Towards a Benchmark for Colorectal Cancer Segmentation in Endorectal Ultrasound Videos: Dataset and Model Development
Yuncheng Jiang, Yiwen Hu, Zixun Zhang, Jun Wei, Chun-Mei Feng, Xuemei Tang, Xiang Wan, Yong Liu, Shuguang Cui, Zhen Li
TL;DR
This paper tackles the challenge of colorectal cancer segmentation in endorectal ultrasound videos by introducing ERUS-10K, the first large-scale, well-annotated ERUS dataset with 77 videos and 10,000 frames (including 57 with infiltration-depth labels), and a novel Adaptive Sparse-context Transformer (ASTR). ASTR combines Adaptive Scanning Mode Augmentation (ASMA) to harmonize linear- and convex-array scans, a Sparse-context Transformer to fuse inter-frame information, and a Sparse-context Block to reduce computation, achieving state-of-the-art segmentation performance with a Dice score of 77.6% on the benchmark. The work provides a valuable dataset and a specialized model that jointly address modality gaps and temporal context, enabling more reliable automatic CRC diagnosis and depth staging from ERUS. Overall, the dataset and model establish a practical benchmark and a path toward clinical deployment of automated ERUS-based CRC analysis.
Abstract
Endorectal ultrasound (ERUS) is an important imaging modality that provides high reliability for diagnosing the depth and boundary of invasion in colorectal cancer.
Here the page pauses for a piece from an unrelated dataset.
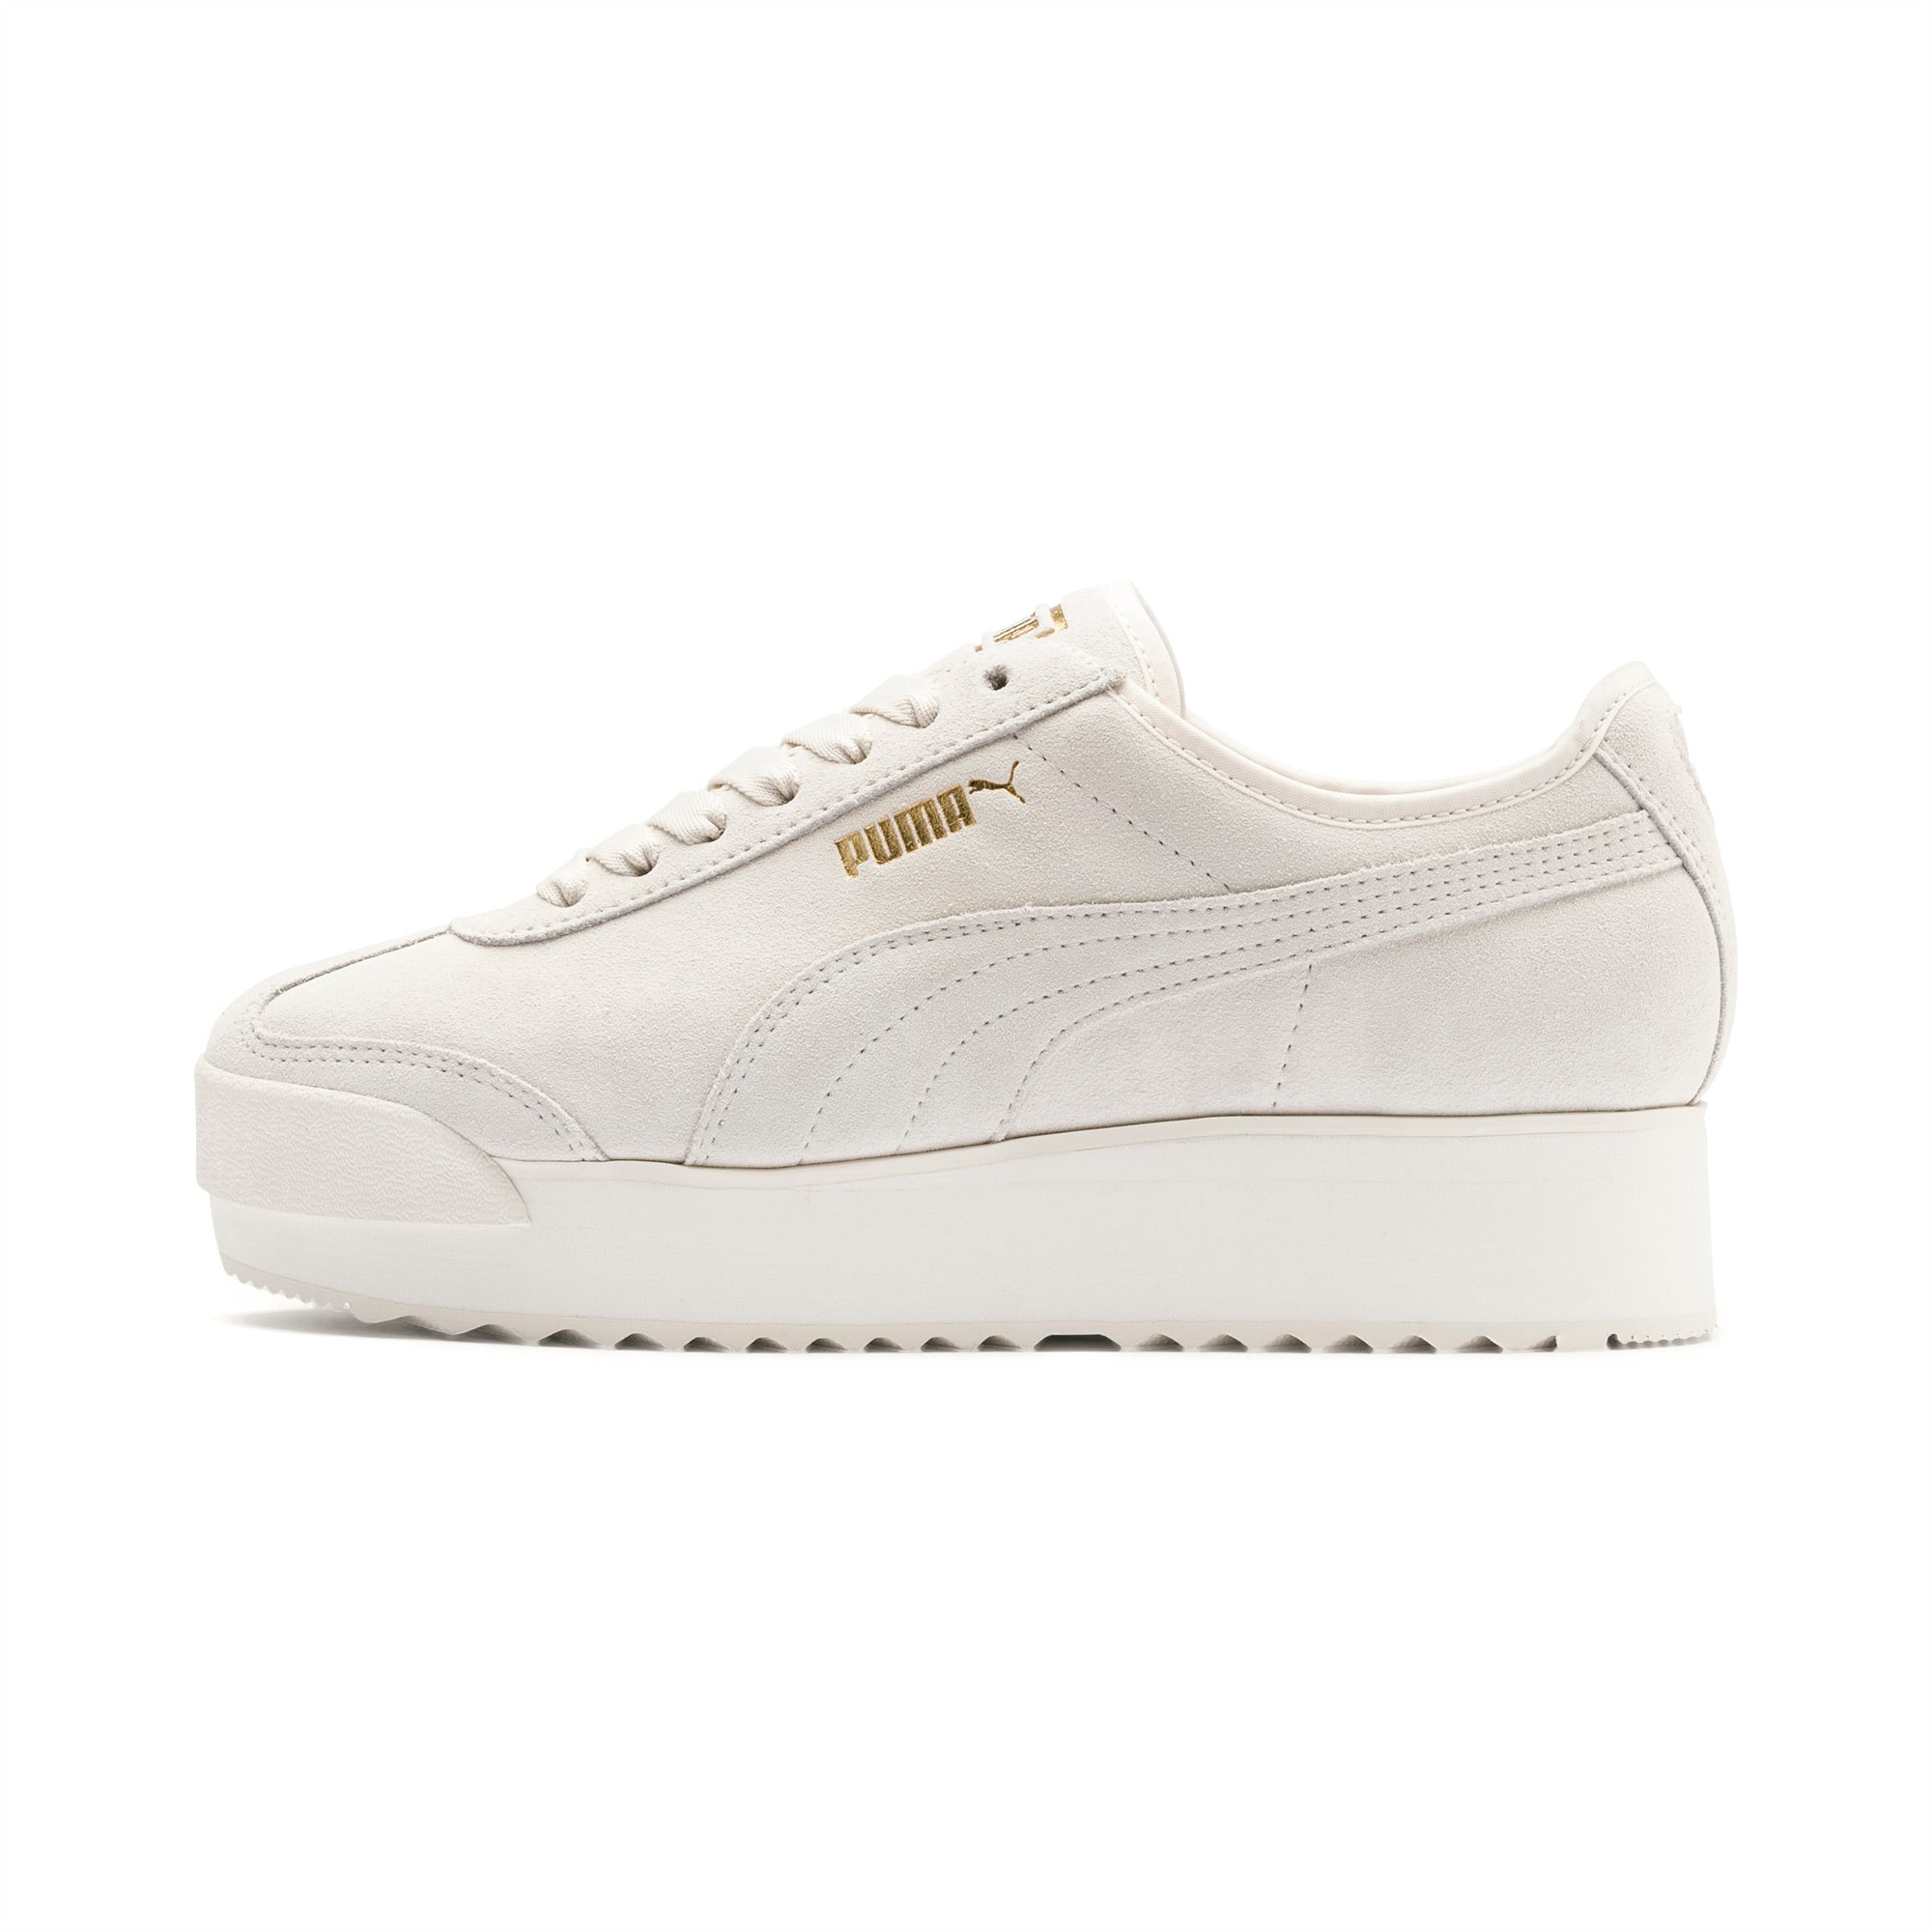 Roma Amor Suede Women's Sneakers | PUMA US
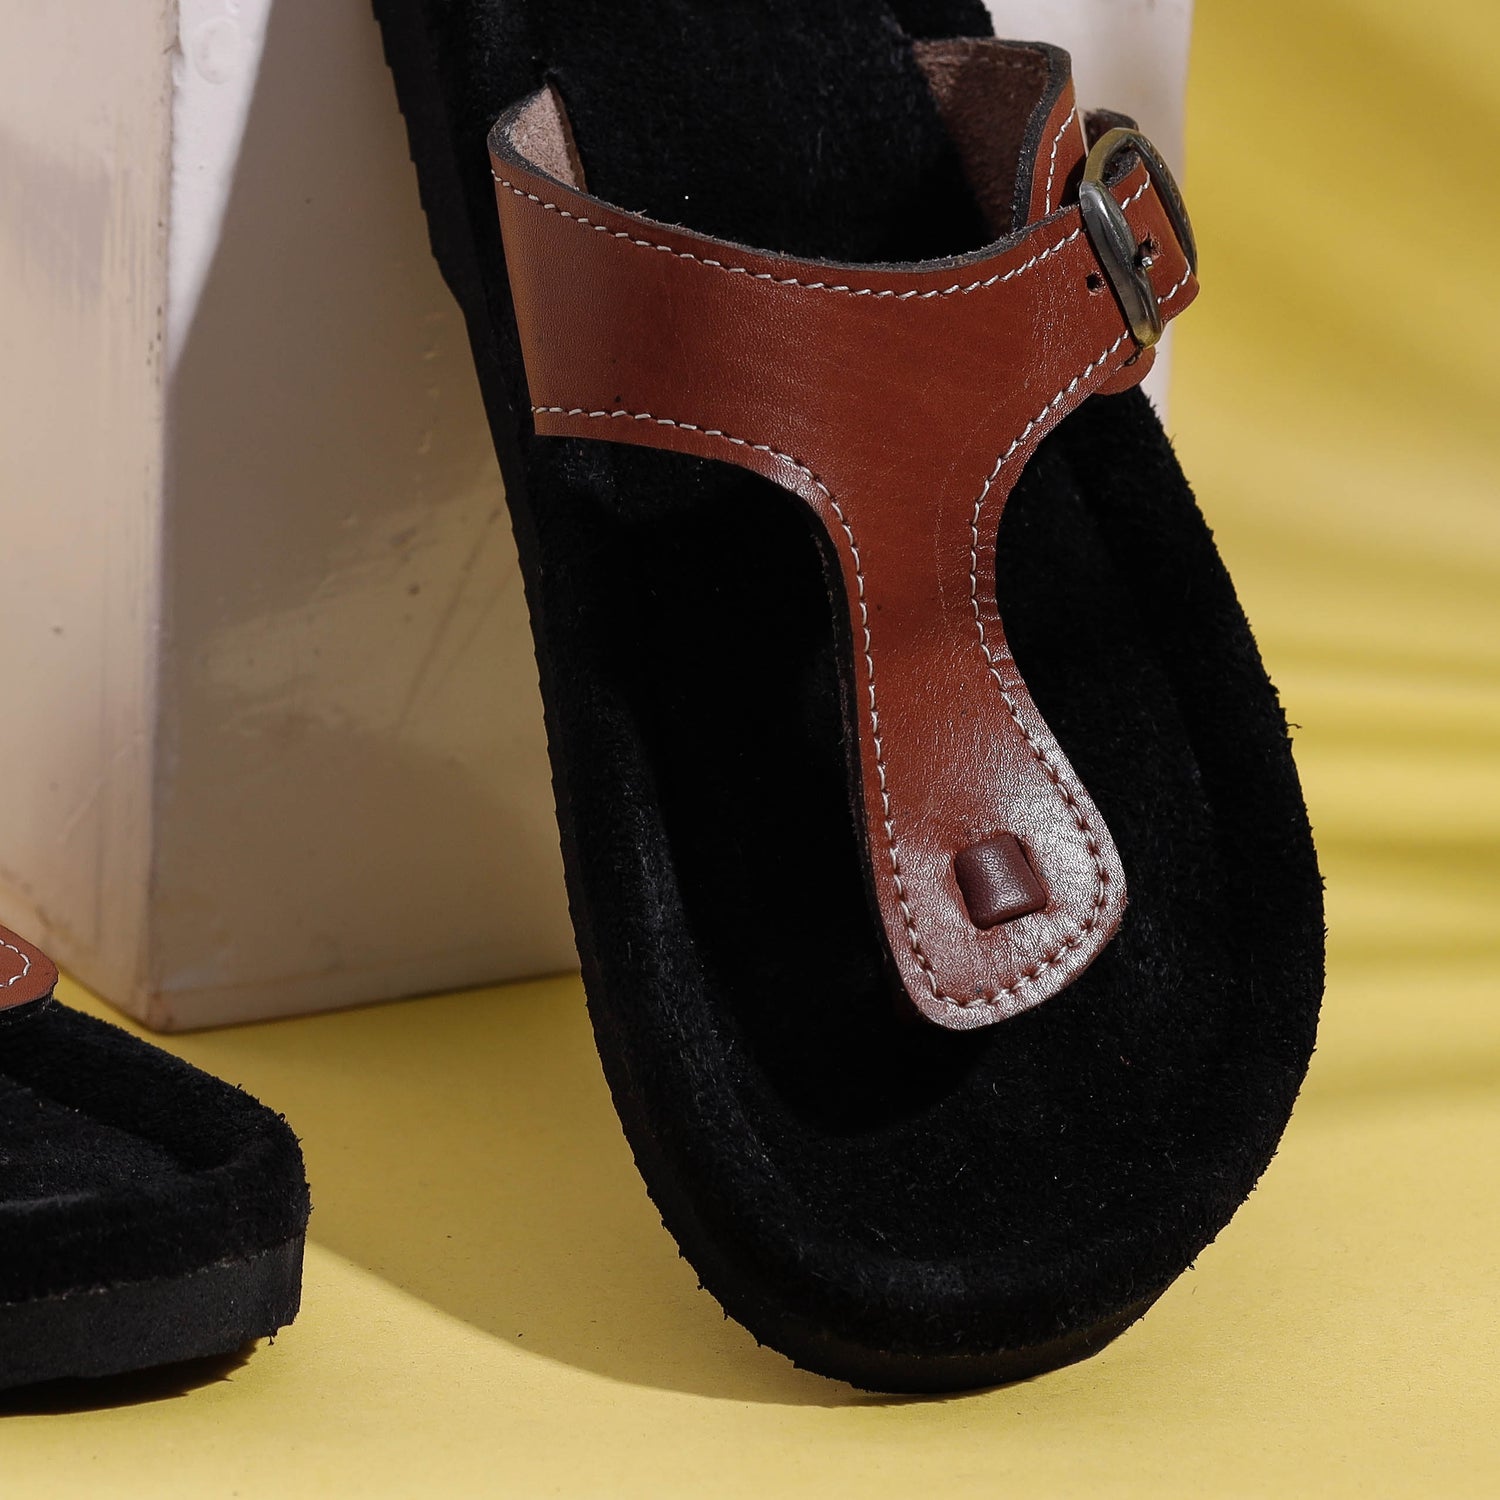 Black & Brown Handcrafted Women's Leather Slippers with Suede

However, the lack of a large-scale ERUS dataset with high-quality annotations hinders the development of automatic ultrasound diagnostics. In this paper, we collected and annotated the first benchmark dataset that covers diverse ERUS scenarios, i.e. colorectal cancer segmentation, detection, and infiltration depth staging. Our ERUS-10K dataset comprises 77 videos and 10,000 high-resolution annotated frames. Based on this dataset, we further introduce a benchmark model for colorectal cancer segmentation, named the Adaptive Sparse-context TRansformer (ASTR). ASTR is designed based on three considerations: scanning mode discrepancy, temporal information, and low computational complexity. For generalizing to different scanning modes, the adaptive scanning-mode augmentation is proposed to convert between raw sector images and linear scan ones. For mining temporal information, the sparse-context transformer is incorporated to integrate inter-frame local and global features. For reducing computational complexity, the sparse-context block is introduced to extract contextual features from auxiliary frames. Finally, on the benchmark dataset, the proposed ASTR model achieves a 77.6% Dice score in rectal cancer segmentation, largely outperforming previous state-of-the-art methods.